My body gives up, and I sink, deeper and deeper, until strong arms secure themselves around me and pull me up. I’m moving up and up, but I can’t focus beyond that part.

It’s not until I break through the water’s surface that I see him. His face is as troubled as the storm. It’s contorted in fear and worry, and the vein on the side of his head pulses as he swims forward with me secured in his arms, taking rough powerful strokes.

“Donny,” I whisper his name, but no real words come out. My voice is carried away with the wind.

My head lulls to the side as I hear his name being called. I see Armand ahead. He’s standing on the shore. I see now that I definitely wouldn’t have made it. I couldn’t see my surroundings well enough to plan the escape I was hoping to make. Armand stands on a thin strip of land. He tosses a rope to us, and Donny catches it. Armand pulls us in, reeling us to safety.

Donny continues to hold me as we go up, then he carries me onto the shore where I start coughing, sputtering up the water that went down my throat.

“Are you okay?” Armand cries.

I nod and embarrassment fills me, turning me crimson against the shiver of the cold water that’s seeped into my bones. I shift my gaze to Donny and gasp when I see blood running down the side of his head. He wipes it away but more comes.

“Donny—”

He cuts me off by reaching for me, lifting me up and himself too to stand.

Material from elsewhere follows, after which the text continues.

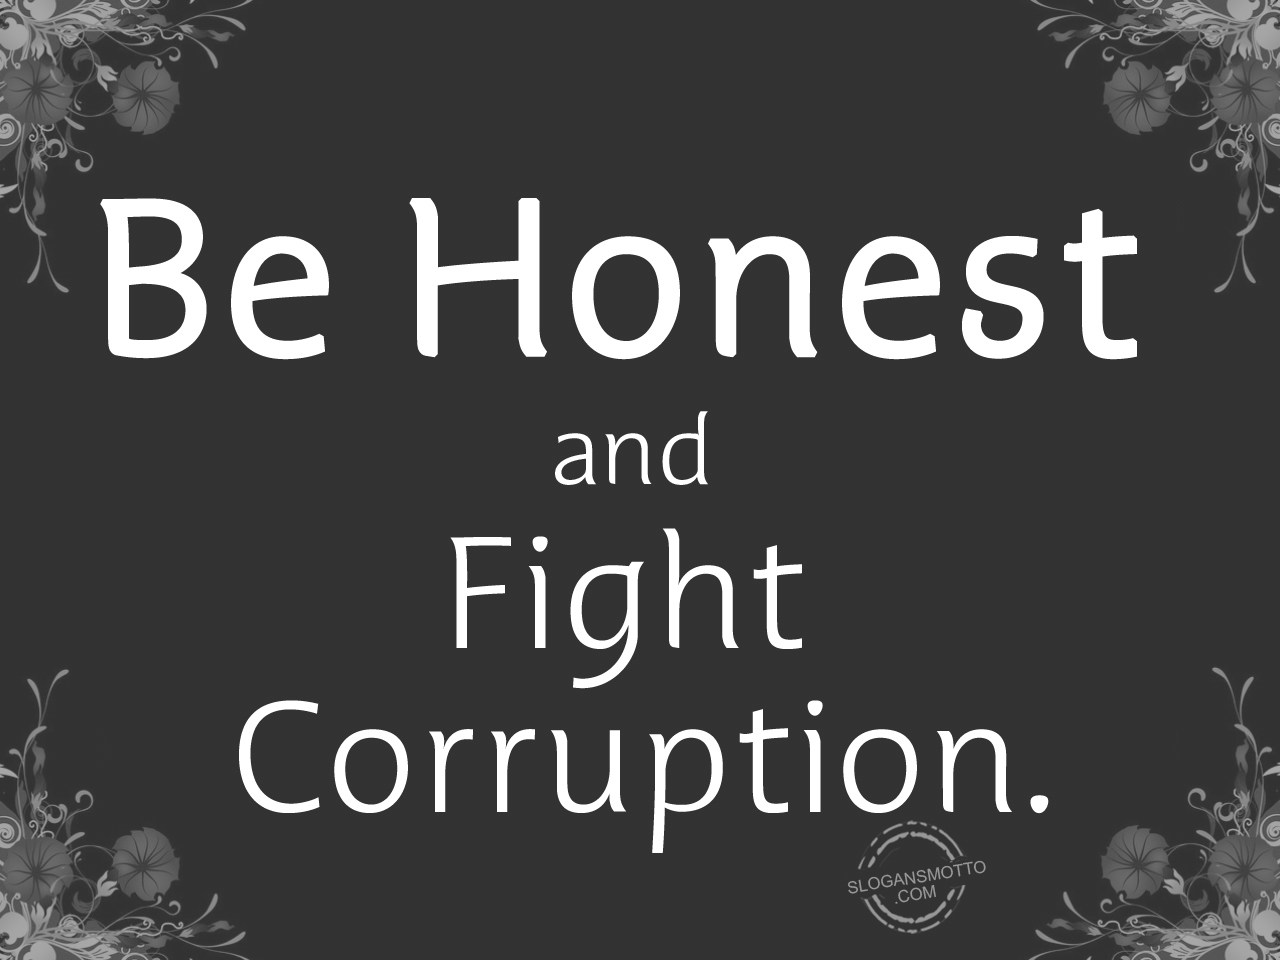 Be honest and fight corruption.

With a savage growl he grabs my shoulders and scowls deeply. Beads of water run down his face mingling with the rain. I’ve never seen him look so angry and he’s well in his right to be so. I could have gotten us both killed.

“What the fuck is wrong with you?” he shouts. “You want to get yourself killed? You think I brought you all the fucking way here for you to jump out of the fucking window and into the sea? You could have died Willow.”

I start to tremble, feeling very foolish.

“I’m sorry. I know it was stupid,” I attempt, trembling as my wet clothes cling to my skin.

“Yes it was fucking stupid.” His eyes blaze and snap wider. The sharp movement makes the blood start coming faster in a stream down from the top of his eye to his cheek covering the whole side of his face. Guilt sweeps through me at the sight. I don’t know when he hit his head. I don’t know when he got hurt but he did and it’s because of me.